She looked to her right. Blood leaked from Denji's mouth like drool leaking onto a pillow. She stood up and readied her knife."L-l-l-l-leave Denji alone." She stammered.

"I'll kill you first." The monster promised. It crouched on the ground, arms held across its body, and Kobeni ran forward, the fire in her stomach burning hotter, and the monster disappeared. She swung on instinct, felt her blade catch on something, felt something hit her like a bullet, and then she was on the other side of the train car. An odd numbness traveled through her limbs. Behind her, she heard silence.

She turned around, and then it hurt her. Pain across her sternum like she'd never felt before forced her to a knee. She looked across the car and saw the monster standing in front of Denji. Then the monster stumbled back, blood pouring from his chest, and he collapsed into a seat. He turned towards her, looking at the pool of blood forming at her feet. Then he staggered forward.

Her vision faltered. Her head felt light. She was going to die. She stared across the train at the young man trapped in a corpse, leaning against the opposite wall. She tried to stand, but her legs wouldn't move. She needed to move. She needed to get up, to pick up her knife, to do something, anything! She couldn't let him die!

The monster stood above her. He raised a blade to her neck and drew it lightly across the skin. "Say a prayer, if you believe in anything." The monster said. Its shoulder tensed. Kobeni closed her eyes.


"Oh? A challenge?" Power laughed, and laughed, and laughed, and Arai wondered why anyone thought a Fiend was a worthwhile recruit as a Devil Hunter. "Then set the terms, human! I, Power, will meet any trial you lay before me!"

He grit his teeth. He remembered what Denji had said the previous night. She was a brat. Deal with her like a brat. He exhaled. "It's simple. Whoever saves the most people wins."

"No way." Power deadpanned. "I like seeing them die."

"Hear me out." Arai said. Power didn't respond. "I said-" No. don't get upset. Just talk. "When you save a human, you will be doing it by killing a devil.

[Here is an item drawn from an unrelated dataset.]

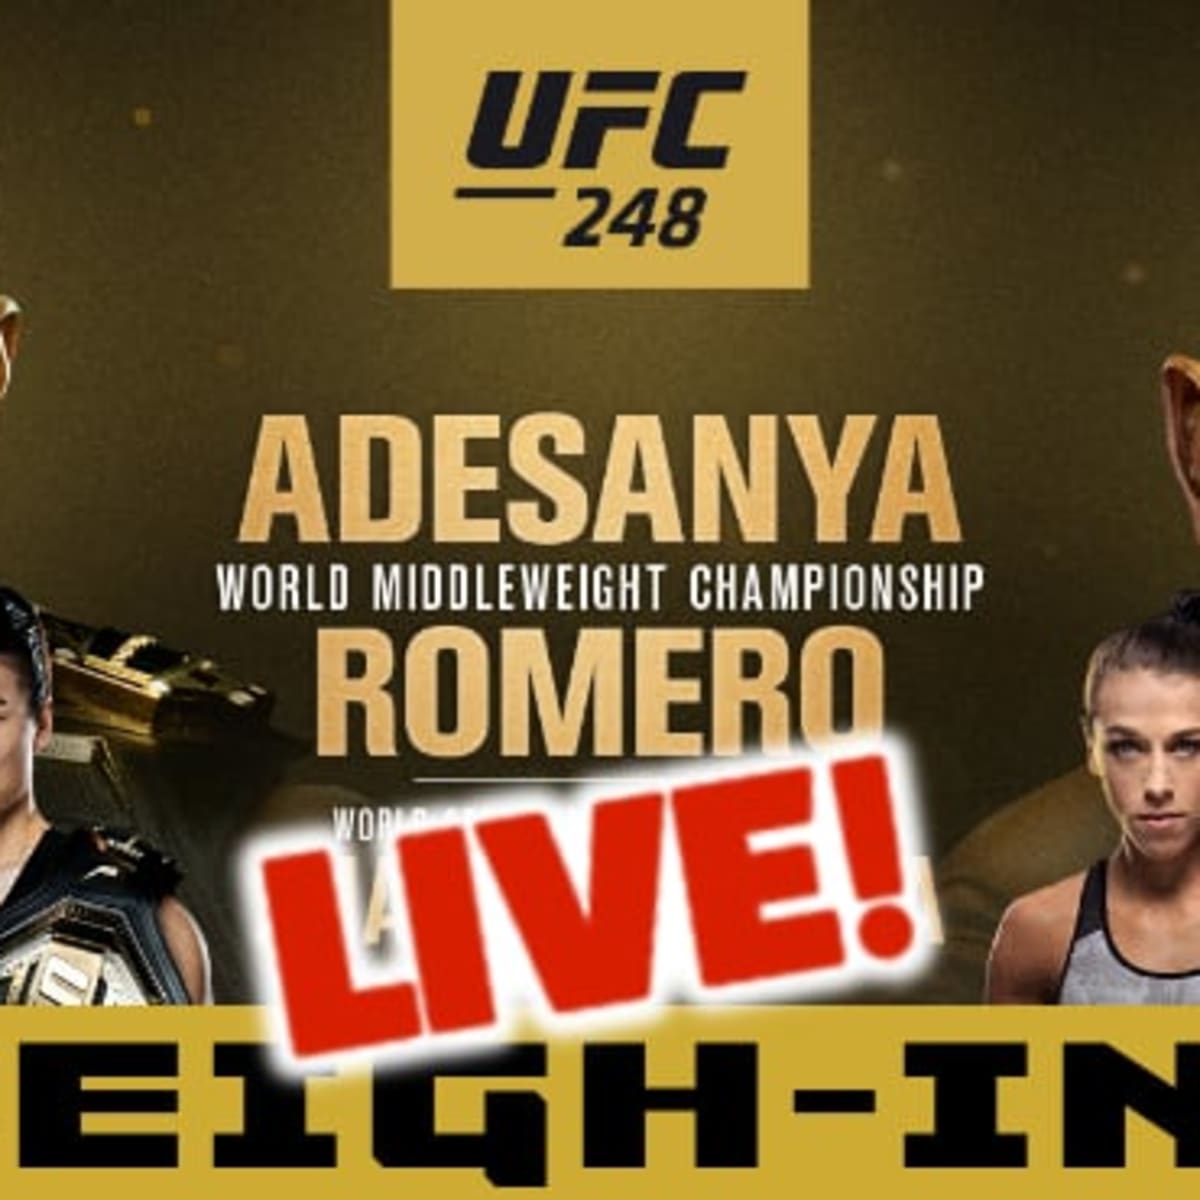 UFC 248 Adesanya vs Romero LIVE Weigh-in Video and Results

Killing a devil will show the survivors how strong you are, won't it?"

Power still didn't look at him, but something in her eyes shifted. Something hungry. He pushed on. "If you kill a human, you watch them die. But if you let them live, then they can spread word of how powerful the Blood Fiend is."

She sniffed.

"And if I fail beside you, then they will see how…much…better, you are, compared to humans." The words were disgusting in Arai's mouth. "Is that not appealing?"

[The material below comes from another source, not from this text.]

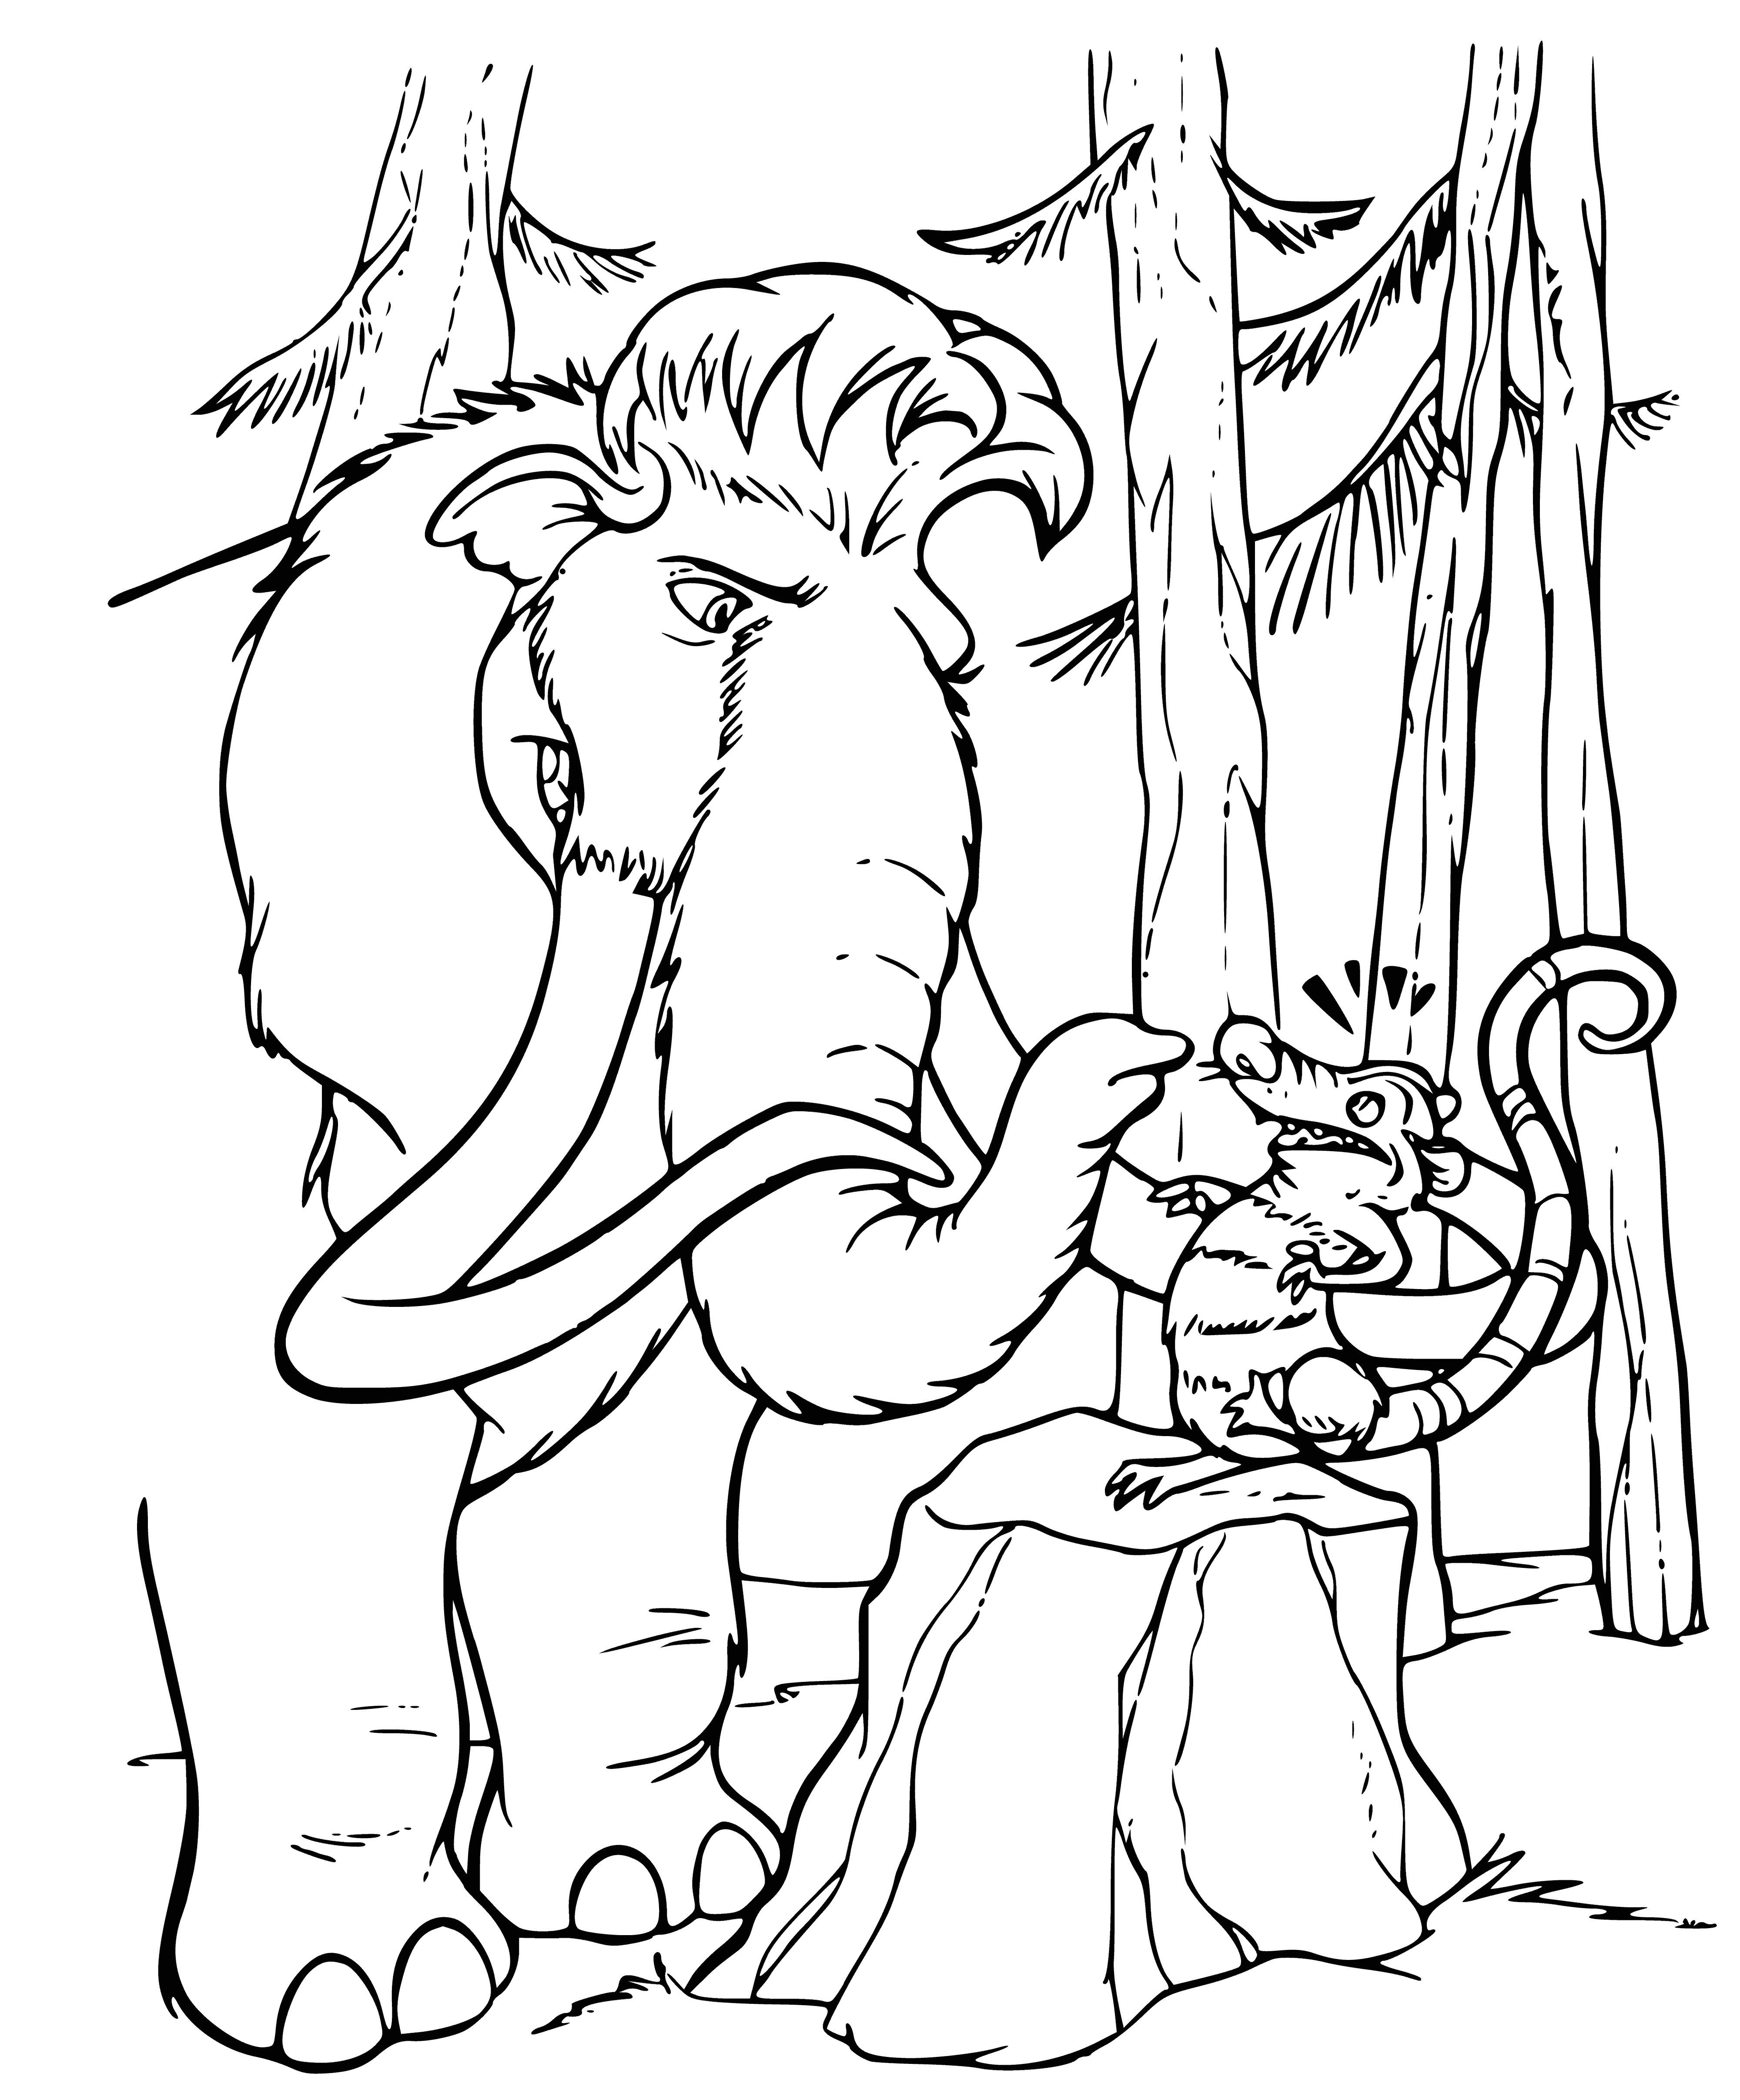 coloring page: Manny, a mammoth wearing a blue scarf, is walking through snow with a possum on his back. It has a white belly, black back and long tail.

"…very well. You have convinced me!" Power threw a hand around Arai's shoulder. "I should have seen your wisdom when you protected my chicken from the shrimp at dinner yesterday, but now I understand! You know your place as a lowly human, and submit to I, Power!"

"I did no such thing!"

"Ahahaha! No need to lie, my servant!" Power grinned. "There is no one around to impress, and I know the depths of your pathetique already!"

He hated this. He wanted to go home. If he wound up with this Fiend as his permanent partner, he'd quit on the spot, and it wasn't even because she was a Fiend anymore. She was simply vulgar and rude.

"Oh? I see further wounds!" Power grinned. "Scars on the hands and the face. Pathetic as you are, you have the scars of a warrior! How wise of I, to pick you from the crowd of worshiping onlookers!"

Arai just grit his teeth.

"And wounds around the hand! Perhaps a garrote? How devilish, indeed!" Power let him go. "Show me the quality of your garrote, human!"

"I don't have one." He said. "I have a contract with-"

"Then how do you have such seasoned scars?" Power asked.

He remembered his first time in the field. He remembered vines spilling out of a pair of cauliflower ears and the devil hunter being torn into the air, his legs hitting the ground while his torso stayed on the ceiling. He remembered Kobeni's hands shaking as she stepped forward, and then her darting forward, and the fiend's head and shoulders sliding off its chest, and vines springing from the cavity.

He remembered sprinting forward and wrapping his hands in the vines and twisting them around the fiend's neck as they cut into his hands like razor wire, and pulling and pulling and pulling until the vines cut to the bone and then one final pull and the fiend's head popping off its body, and then stillness. Nothing but the sound of crying and the smell of blood. His hands still didn't move like they used to.

"I made do with what I had once and it left its mark." He said after a long silence.

Power yawned. "Boring. Requisition yourself a more interesting weapon. I have no need for boring retainers."

She didn't know. And even if she didn't know, she wouldn't care, either. She wasn't human, and he shouldn't treat her like she was. Arai straightened his tie. "Even so. If you win the competition, I will buy you lunch."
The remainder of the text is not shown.